Карой Пап (1897–1945?), единственный венгерский писателей еврейского происхождения, который приобрел известность между двумя мировыми войнами, посвятил основную часть своего творчества проблемам еврейства. Роман «Азарел», самая большая удача писателя, — это трагическая история еврейского ребенка, рассказанная от его имени. Младенцем отданный фанатически религиозному деду, он затем возвращается во внешне благополучную семью отца, местного раввина, где терзается недостатком любви, внимания, нежности и оказывается на грани тяжелого душевного заболевания…
Посвящается Дине Дурбин - актрисе, певице. Жене, матери, хозяйке дома. Просто человеку. Ее история потрясающа, необычна, во многом уникальна. Этот рассказ - мой скромный посильный подарок ей и тем, кто помнит. Для лучшего понимания рассказа стоит знать биографию Дины хотя бы поверхностно.

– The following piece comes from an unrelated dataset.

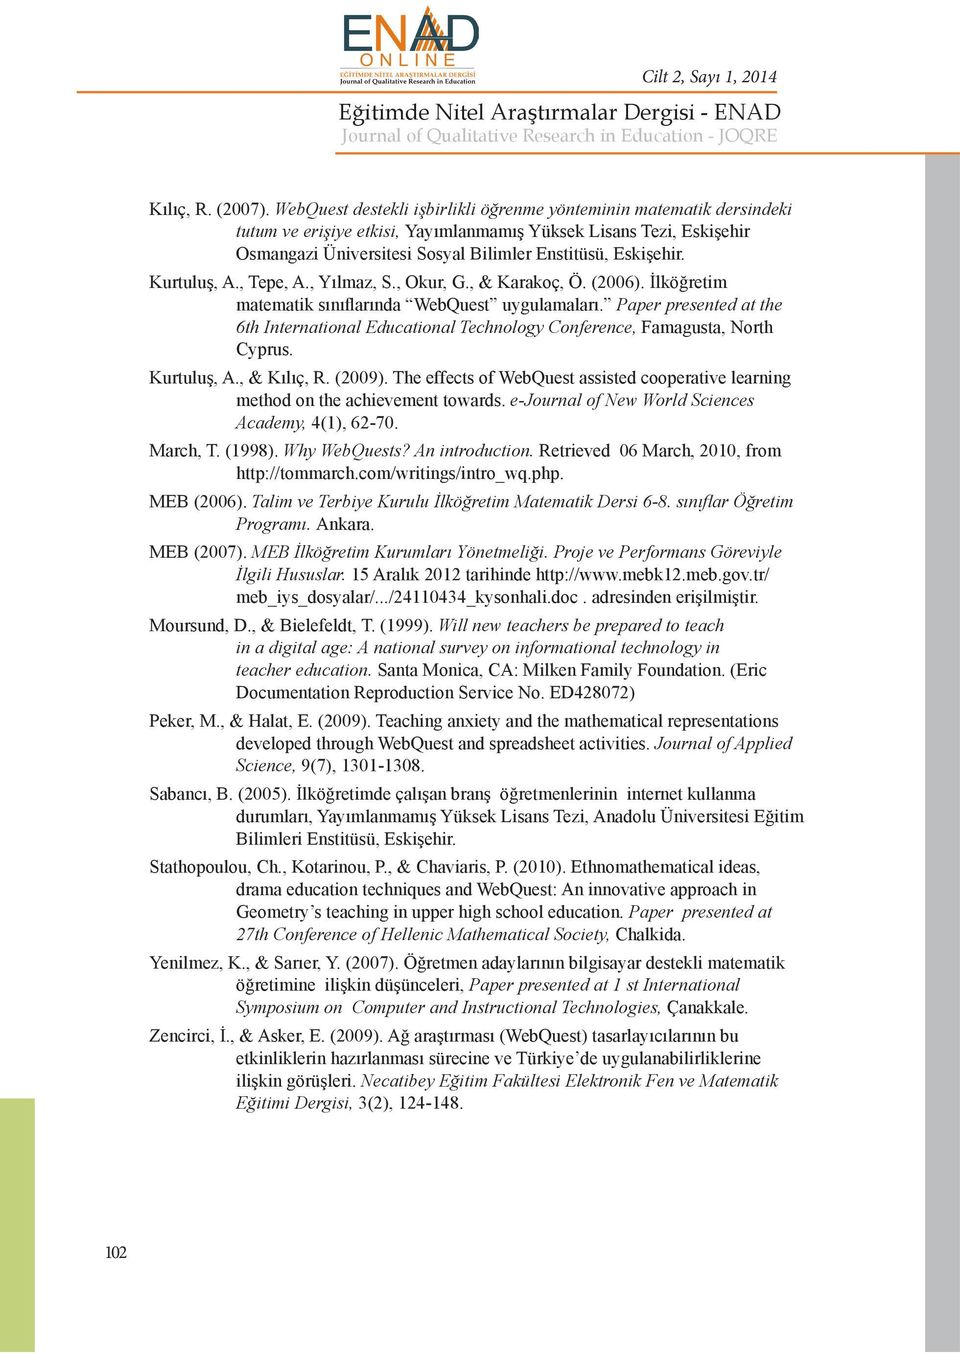 Kurtuluş, A., Tepe, A., Yılmaz, S., Okur, G., & Karakoç, Ö. (2006). İlköğretim matematik sınıflarında WebQuest uygulamaları.

«Отранто» — второй роман итальянского писателя Роберто Котронео, с которым мы знакомим российского читателя. «Отранто» — книга о снах и о свершении предначертаний. Ее главный герой — свет. Это свет северных и южных краев, светотень Рембрандта и тени от замка и стен средневекового города. Голландская художница приезжает в Отранто, самый восточный город Италии, чтобы принять участие в реставрации грандиозной напольной мозаики кафедрального собора. Постепенно она начинает понимать, что ее появление здесь предопределено таинственной историей, нити которой тянутся из глубины веков, образуя неожиданные и загадочные переплетения. Смысл этих переплетений проясняется только к концу повествования об истине и случайности, о святости и неизбежности.